**EXERCISE DESCRIPTION:** Exactly as written, please repeat the data that follows, but not the pictures.

**SOURCE MATERIAL:**

↓↓↓

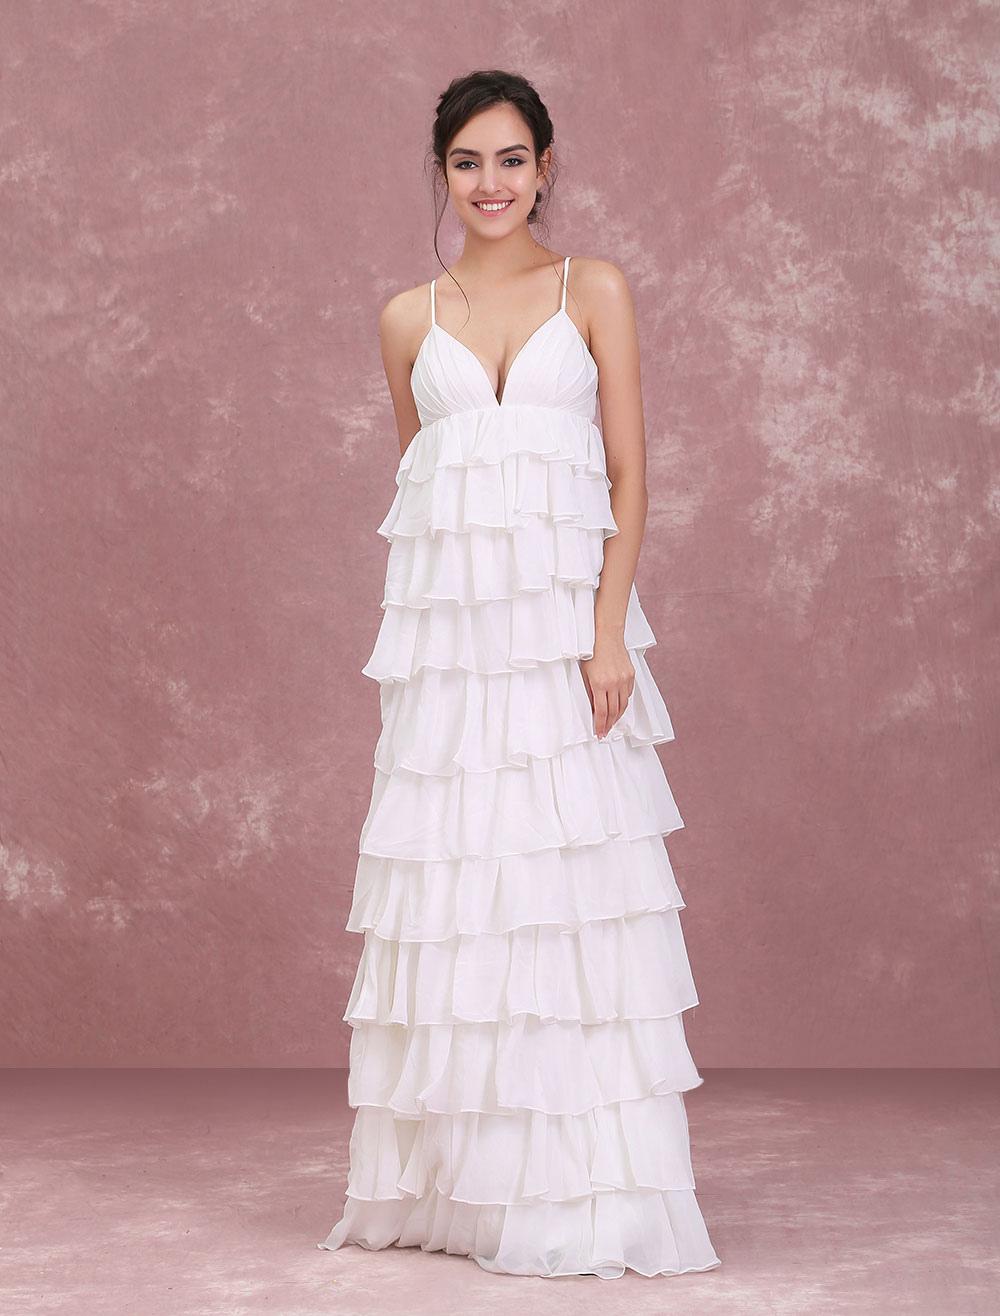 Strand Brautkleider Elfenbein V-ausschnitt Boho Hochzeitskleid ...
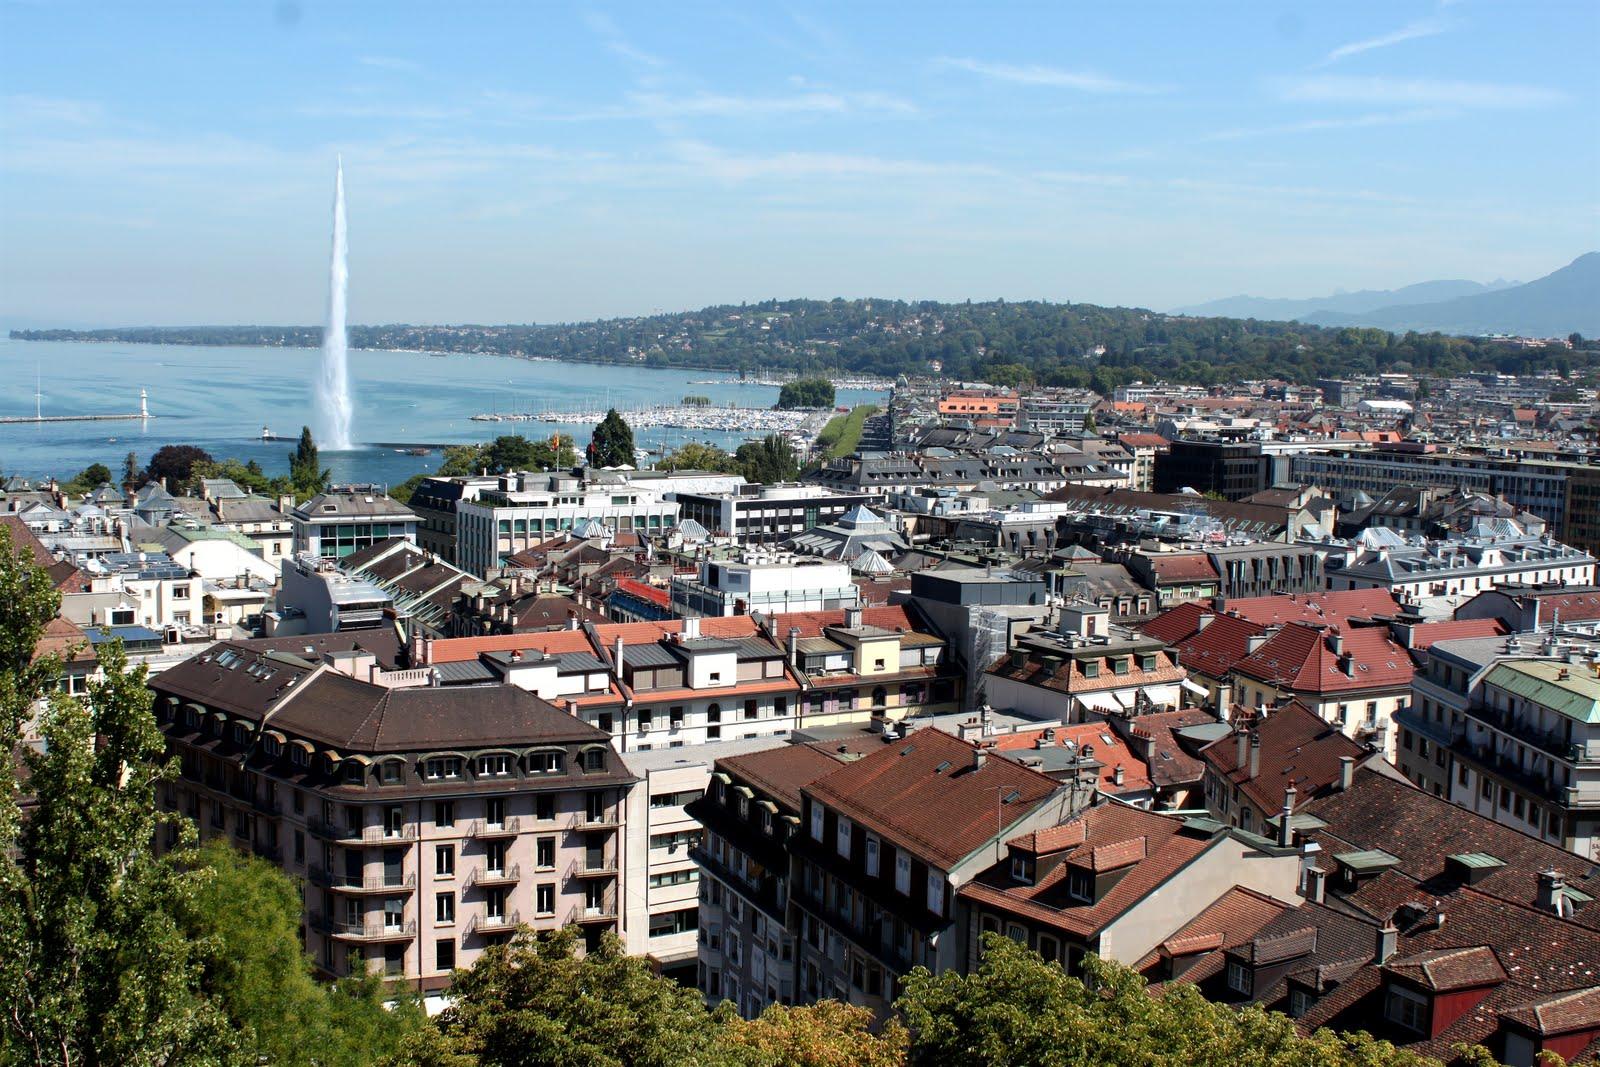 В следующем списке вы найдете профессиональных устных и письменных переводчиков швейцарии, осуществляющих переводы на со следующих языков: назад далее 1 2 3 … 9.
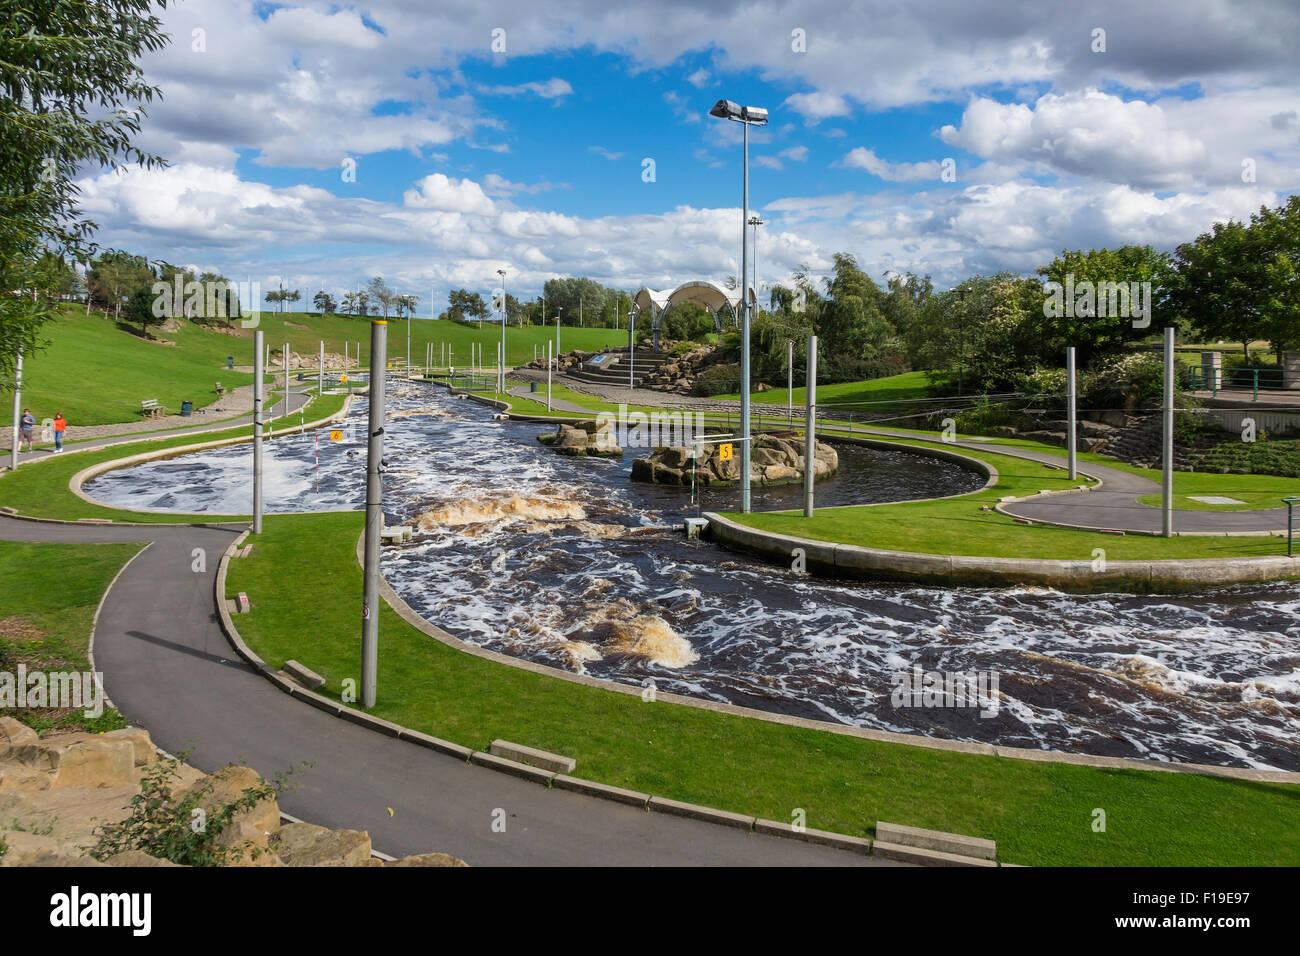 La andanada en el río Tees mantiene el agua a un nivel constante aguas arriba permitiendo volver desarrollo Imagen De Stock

↑↑↑

**ANSWER:**
 Strand Brautkleider Elfenbein V-ausschnitt Boho Hochzeitskleid ...
 В следующем списке вы найдете профессиональных устных и письменных переводчиков швейцарии, осуществляющих переводы на со следующих языков: назад далее 1 2 3 … 9.
 La andanada en el río Tees mantiene el agua a un nivel constante aguas arriba permitiendo volver desarrollo Imagen De Stock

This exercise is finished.